Parotidectomy and the Incidence of Warthin Tumors among Veterans

Adnan S. Hussaini, MD; Kelly F. Moyer, MD; Navin R. Prasad; Edina Paal, MD; Jarvis Walters, DO; Fredrick J. Brody, MD, FACS; Sonya Malekzadeh, MD, FACS; Jessica H. Maxwell, MD, MPH, FACS

Product Details
Product ID: ACS-5839
Year Produced: 2019
Length: 9 min.


Introduction: The study aim was to determine the distribution of parotid gland neoplasms among veterans and re-assess the role of parotidectomy in patients with Warthin Tumors (WT).

Methods: Patients who underwent fine needle aspiration for a parotid gland mass and/or parotidectomy at a single institution from 2000 to 2018 were included. Charts were reviewed for gender, age, tobacco use, surgery date, and pathology results. Two patients with WT are presented. Case 1: Typical presentation of a 55 year-old patient with a parotid WT who underwent superficial parotidectomy. Case 2: A 67 year-old patient who elected to observe his WT for many years, resulting in parapharyngeal tumor extension. He underwent a parotidectomy with parapharyngeal resection via transcervical approach.
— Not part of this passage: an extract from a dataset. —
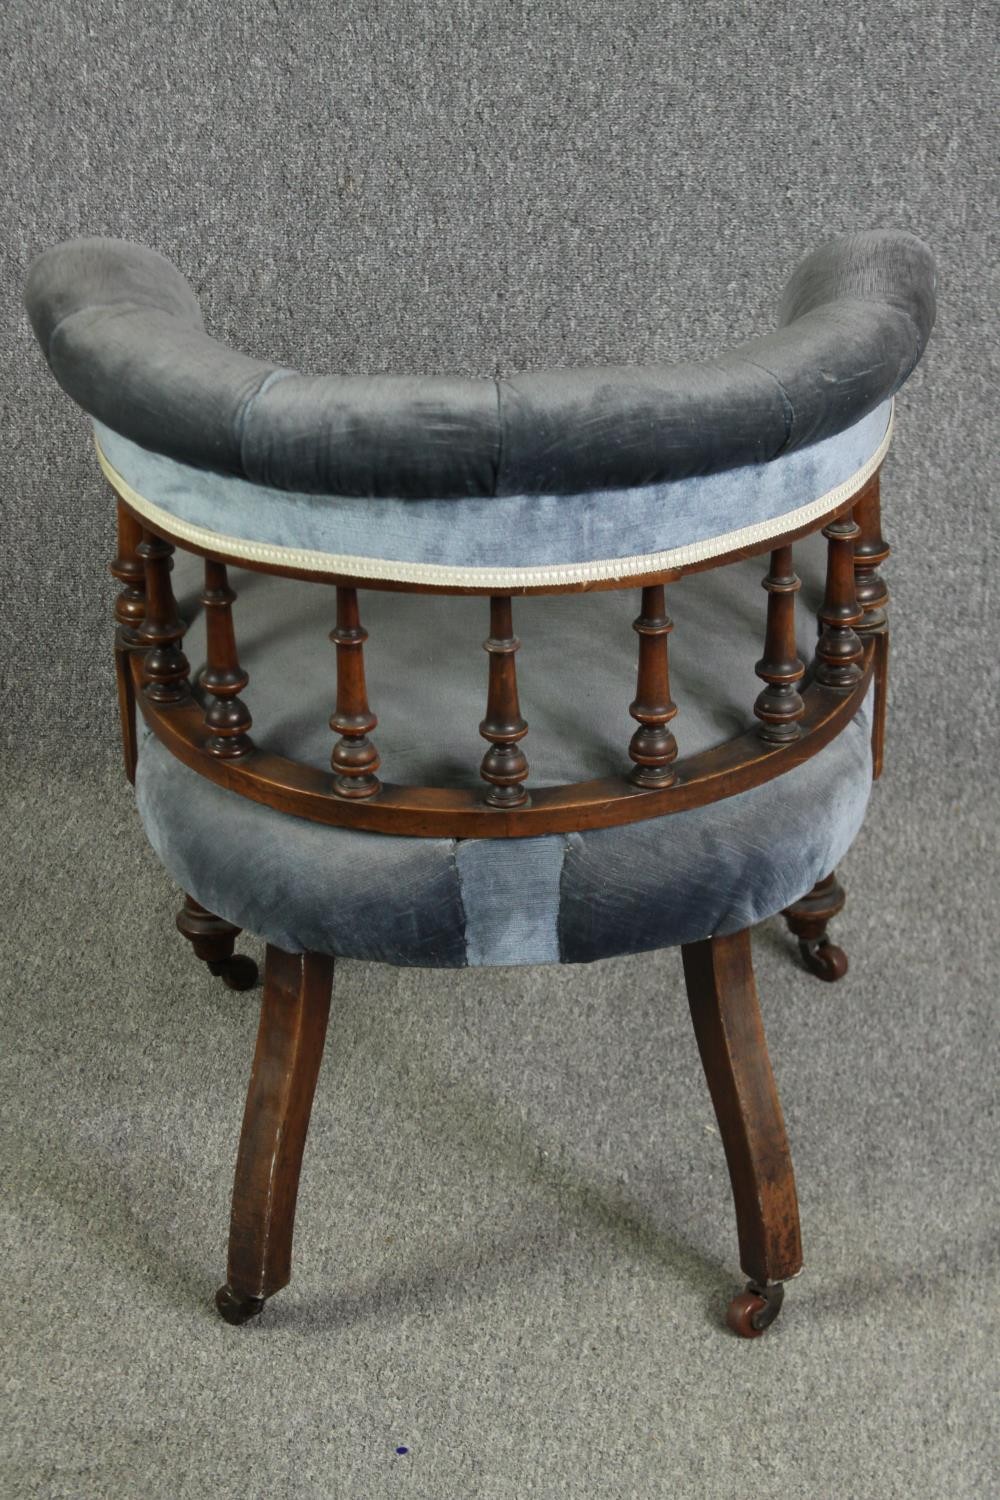 A late Victorian walnut tub chair, with button back upholstery - Image 4 of 7

Results: One hundred and forty-four patients with parotid gland neoplasms were identified. Of those, 84.7% (122/144) were benign and 15.2% (22/144) were malignant. Of benign neoplasms, WT accounted for the majority at 50.5% (62/122), followed by pleomorphic adenoma at 40.2% (49/122). The incidence of WT increased from 38.3% in 2000-2009 to 58.7% in 2010-2018. Smoking history was significantly associated with WT compared to pleomorphic adenoma (OR: 2.90 [95% confidence interval 1.30-6.08] p=0.046). However, the rate of former and current tobacco use remained steady at 67-68% from the year 2000 to 2018.

Conclusion: The incidence of WT is rising among veterans at our institution despite stable rates of tobacco use. Given the risk of tumor extension, facial nerve compression, and increased operative complexity, surgical management remains the treatment of choice for WT.